Fancy dress costume, 1911
Paul Poiret (French, 1879–1944)
Seafoam green silk gauze, silver lamé, blue foil and blue and silver coiled cellophane cord appliqué, and blue, silver, coral, pink, and turquoise cellulose beading
The Met says: Poiret’s “The Thousand and Second Night” party revolved around a fantastic evocation of the East. For the occasion, Poiret required his 300 guests to dress in oriental costumes. Those who failed to do so were given the choice of leaving or outfitting themselves in Persian-style clothes designed by the couturier, including the highly controversial “harem” trousers that formed part of his spring 1911 collection. Poiret thus used the occasion of a private party, staged as a cross between an elaborate fashion show and an extravagant theatrical performance, to promote his latest creations.
Denise Poiret, who played the role of the “favorite” to Poiret’s “sultan,” endorsed her husband’s “harem” trousers by wearing them under a wired skirted tunic. Two years later, in 1913, Poiret launched this crinoline-hooped silhouette in a theatrical production of Jacques Richepin’s historical drama,Le Minaret, to be quickly followed in Poiret’s fashion collections of the same year. A fancy-dress costume worn in the privacy of an exclusive party became the prototype for a “minaret” or “lampshade” tunic worn in a theatrical production. Thus publicized, the silhouette was then modified for the fashion public.
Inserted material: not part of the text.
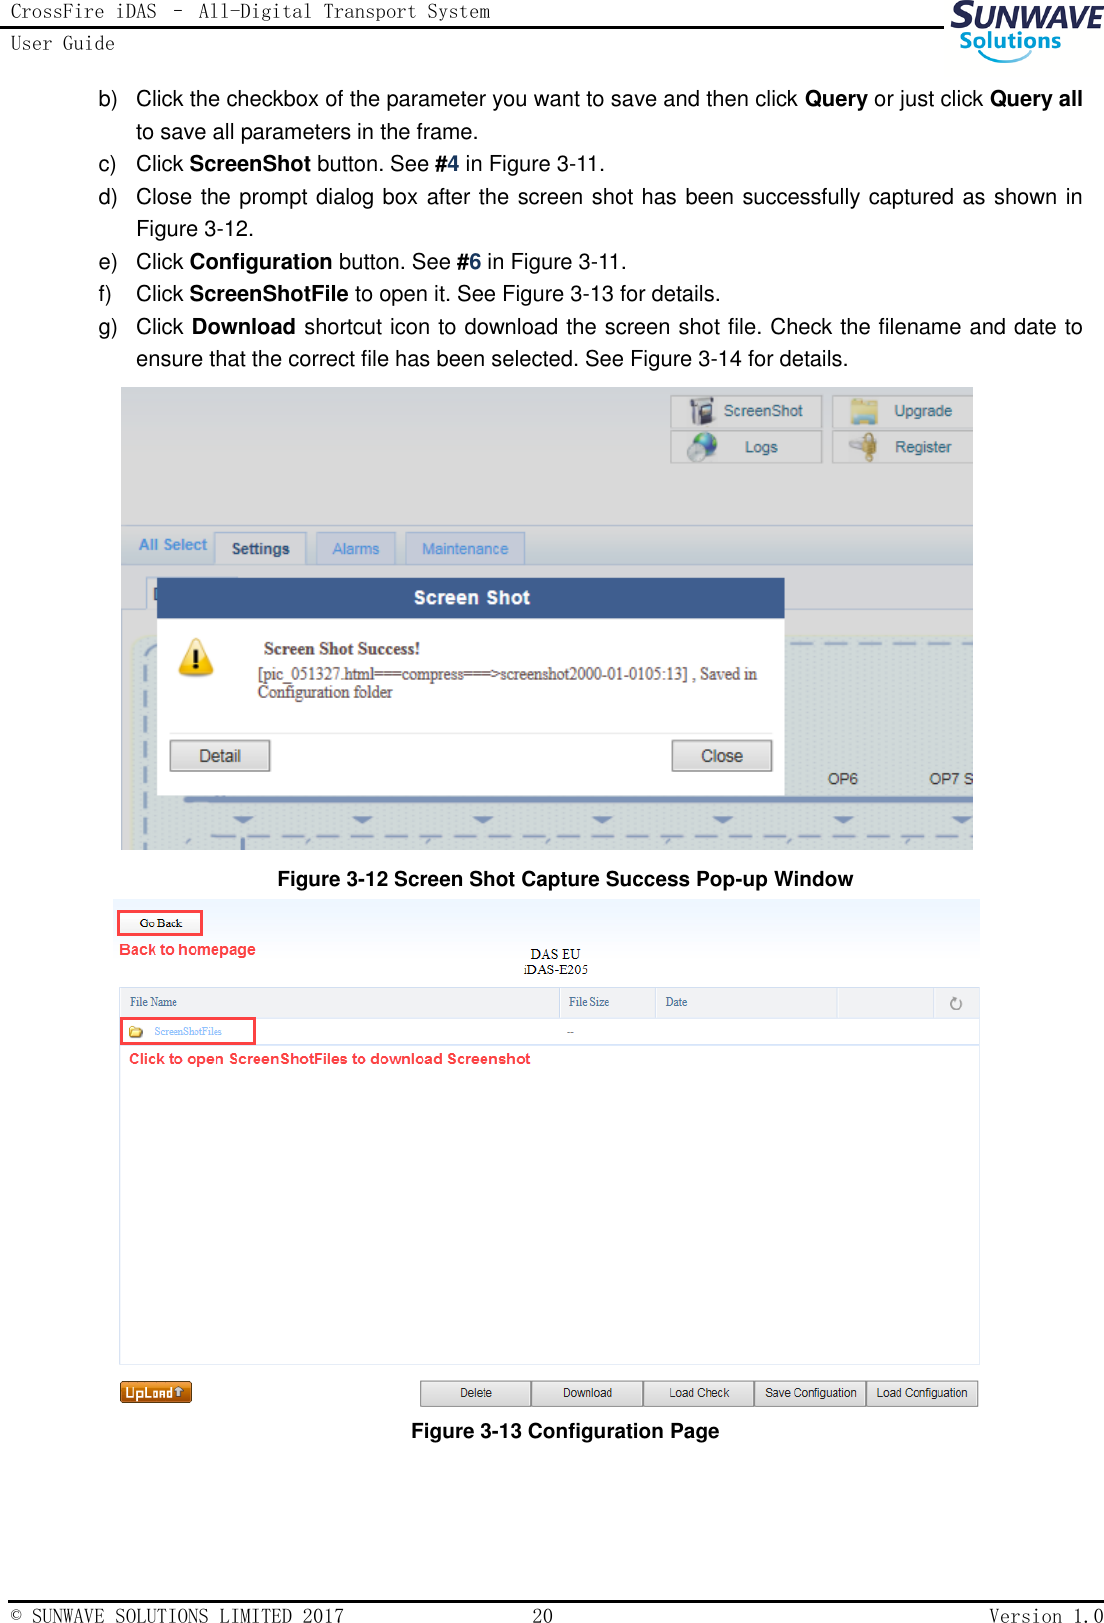 CrossFire iDAS – All-Digital Transport System User Guide   © SUNWAVE SOLUTIONS LIMITED 2017  20  Version 1.0  b)  Click the checkbox of the parameter you want to save and then click Query or just click Query all to save all parameters in the frame. c)  Click ScreenShot button. See #4 in Figure 3-11. d)  Close the prompt dialog box after the screen shot has been successfully captured as shown in Figure 3-12. e)  Click Configuration button. See #6 in Figure 3-11. f)  Click ScreenShotFile to open it. See Figure 3-13 for details. g)  Click Download shortcut icon to download the screen shot file. Check the filename and date to ensure that the correct file has been selected. See Figure 3-14 for details.  Figure 3-12 Screen Shot Capture Success Pop-up Window  Figure 3-13 Configuration Page  
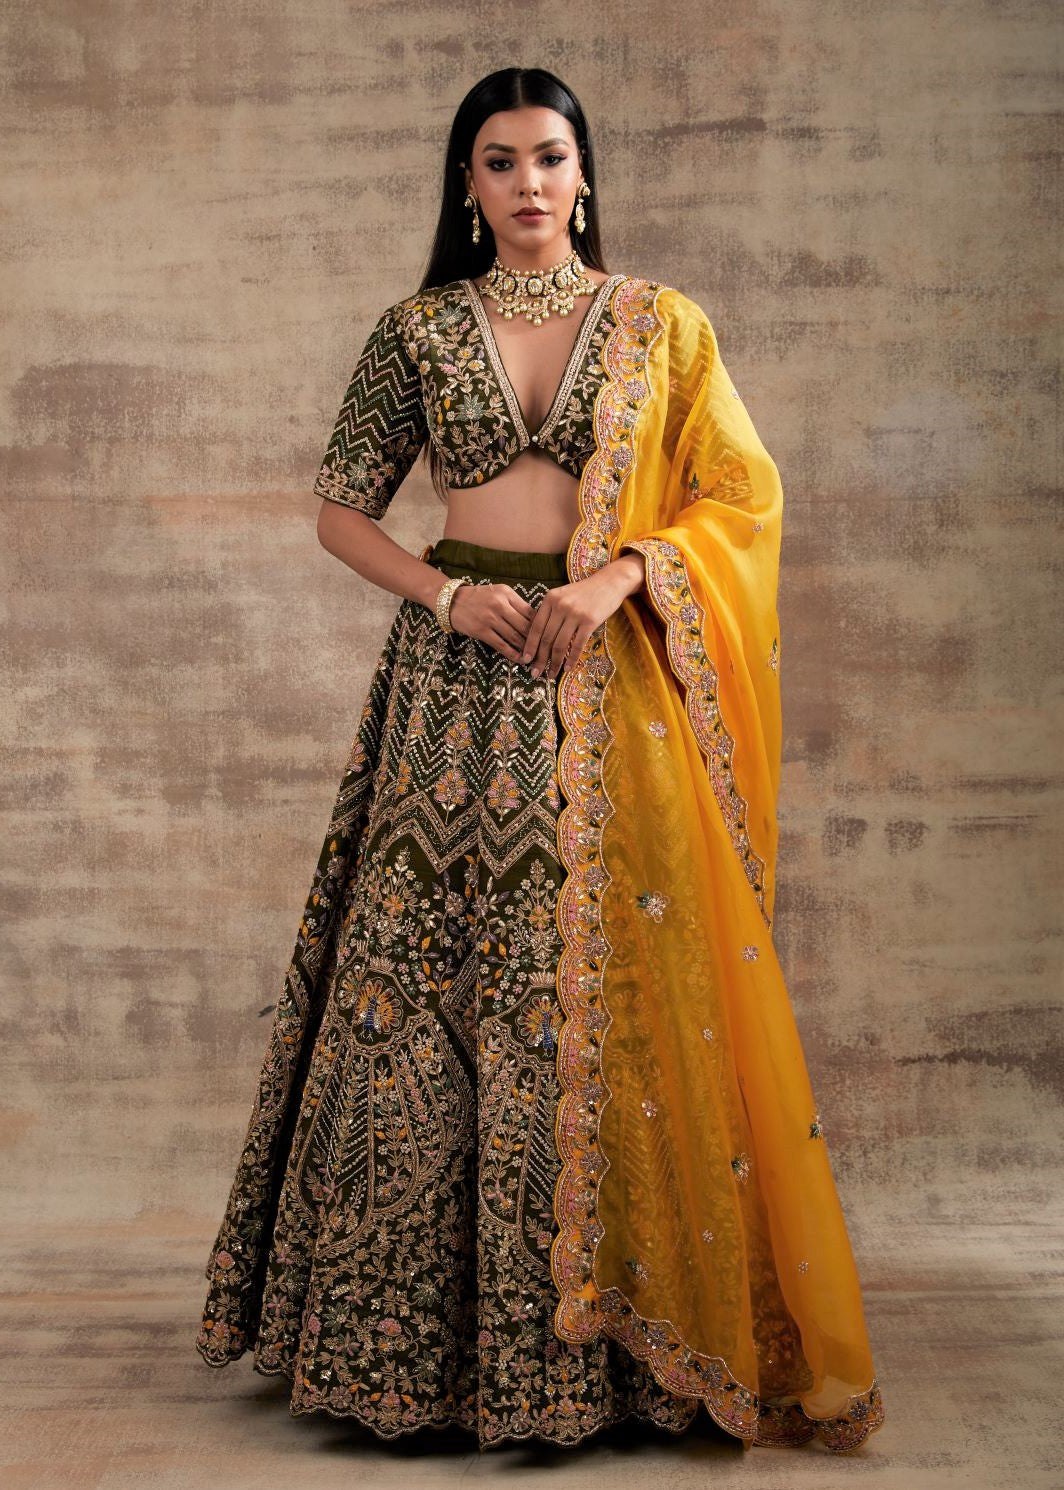 Bhumi Pednekar exudes regal vibes in a stunning olive green and golden  lehenga | Times of India

I feel like I am going to owe everyone an apology because I’ve stumbled upon an older folder of mine with nothing but dresses designed by Callot Soeurs which are relevant to the posts I have done today. So if you will all bear with me I’ll move onto something new tomorrow. Which needs to probably be Edwardian since my folder is MASSIVE.
I’m fond of this piece because it’s very liberating AND its from 1910 which makes this Edwardian. (My Callot post is going to jump around with a few Edwardian pieces thrown in with mostly 20s.)
I love the oriental influence. Pop this Paul Poiret turban on from 1911 and I imagine you would be the belle of the ball! :D
It’s very Poiret-ish in style but it’s actually designed by the famous socialite and Titanic survivor Lucile, Lady Duff-Gordon in 1910
Fun fact: The dress sold for $35,850 (without buyer’s premium) at Doyle New York in November of 2004.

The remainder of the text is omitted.